Strain-induced tuning of the electronic Coulomb interaction in $3d$ transition metal oxide perovskites

Epitaxial strain offers an effective route to tune the physical parameters in transition metal oxides. So far, most studies have focused on the effects of strain on the bandwidths and crystal field splitting, but recent experimental and theoretical works have shown that also the effective Coulomb interaction changes upon structural modifications. This effect is expected to be of paramount importance in current material engineering studies based on epitaxy-based material synthesization. Here, we perform constrained random phase approximation calculations for prototypical oxides with a different occupation of the $d$ shell, ${\mathrm{LaTiO}}_3$ ($d^1$), ${\mathrm{LaVO}}_3$ ($d^2$), and ${\mathrm{LaCrO}}_3$ ($d^3$), and systematically study the evolution of the effective Coulomb interactions (Hubbard $U$ and Hund's $J$) when applying epitaxial strain. Surprisingly, we find that the response upon strain is strongly dependent on the material. For ${\mathrm{LaTiO}}_3$, the interaction parameters are determined by the degree of localization of the orbitals, and grow with increasing tensile strain. In contrast, ${\mathrm{LaCrO}}_3$ shows the opposite trend: the interaction parameters shrink upon tensile strain. This is caused by the enhanced screening due to the larger electron filling. ${\mathrm{LaVO}}_3$ shows an intermediate behavior.

Figure 1

(a)–(c): Nonmagnetic band structures of LTO, LVO, and LCO together with their Wannier-projected bands. Ab initio bands and Wannier-projected bands are denoted with thin (red) and thick (blue) lines, respectively.
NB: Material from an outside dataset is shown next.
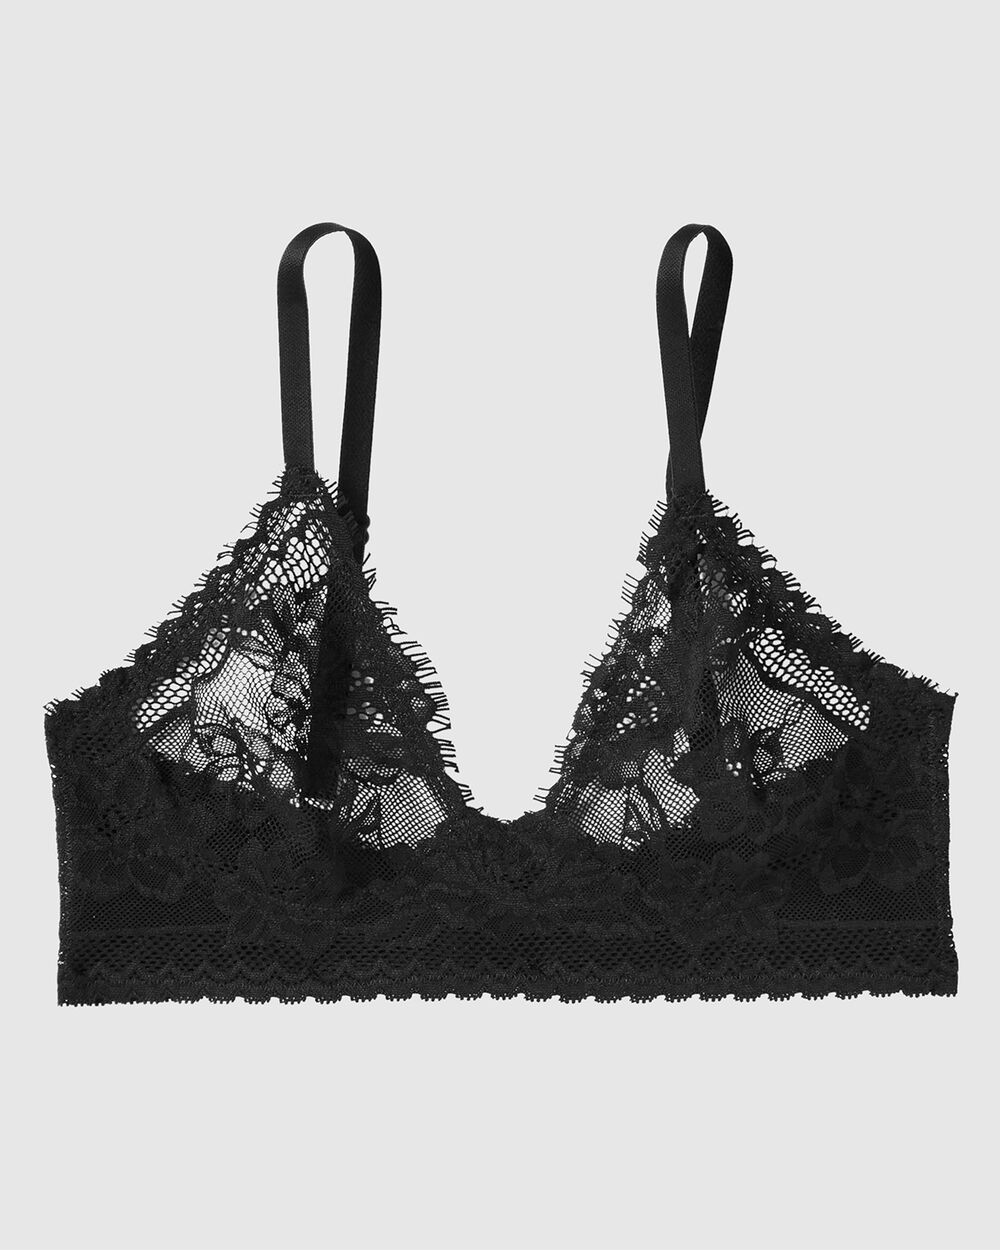 Best Deal for Lace Bralettes for Women 1 pc Lace Bra Camisole Bra for

Fermi level has been aligned to zero. (d)–(f): Partial density of states (DOS) for three systems at their 0% strain cases. $e_g$ and $t_{2g}$ orbitals (blue and red) of TM ions are separated by the octahedral symmetry, and O-$p$ orbitals are located well below the Fermi level. The energy separation between $t_{2g}$ and $p$ orbitals is decreasing from LTO to LCO.

Figure 2

Evolution of the cRPA Hubbard parameters ($U,U^{\mathrm{bare}}$, and $U^{\mathrm{bare}}/U$, within the $t_{2g}$/$t_{2g}$ model) and the spread of the Wannier function are shown in red solid lines with filled circles. Average GFO tilting $\alpha$ (blue dotted line with filled squares) is also shown. Experimental values [48, 49, 50] were employed along the series LTO, LVO, and LCO for the structurally distorted bulk phases. Results for LVO and LCO in the LTO structures are shown with red dashed lines with open circles.

Figure 3

Effective interactions $U$ and $J$ [(a)–(c)] and $U^{\mathrm{bare}}$ and $J^{\mathrm{bare}}$ [(d)–(f)] for LTO, LVO, and LCO employing both the $t_{2g}/t_{2g}$ (red) and $t_{2g}/t_{2g}\text{−}p$ (blue) setup as a function of epitaxial substrate strain. The $U$ and $J$ values of LCO obtained by using the LTO structures are shown with dashed lines in (c). (g)–(i) Spread of the Wannier functions and (j)–(l) $U/U^{\mathrm{bare}}$.

Figure 4

Bandwidth of $t_{2g}$ orbitals [(a)–(c)], center of mass $E$ of the O-$p$ bands with respect to the Fermi level [(d)–(f)], and $U/W$ ratio LTO, LVO, and LCO as a function of epitaxial strain [(g)–(i)].

Figure 5

Orbital-resolved DOS for LTO, LVO, and LCO as a function of epitaxial strain. Shaded (yellow) region denotes the width of $t_{2g}$ orbitals, which is defined as bandwidth, $W$.

Figure 6

(a) The schematic diagram showing IP and OP bond angles and bond lengths. Evolution of (b) ${\alpha }_{\mathrm{IP}}$, (c) ${\alpha }_{\mathrm{OP}}$, (d) $d_{\mathrm{IP}}$, and (e) $d_{\mathrm{OP}}$ upon epitaxial strain.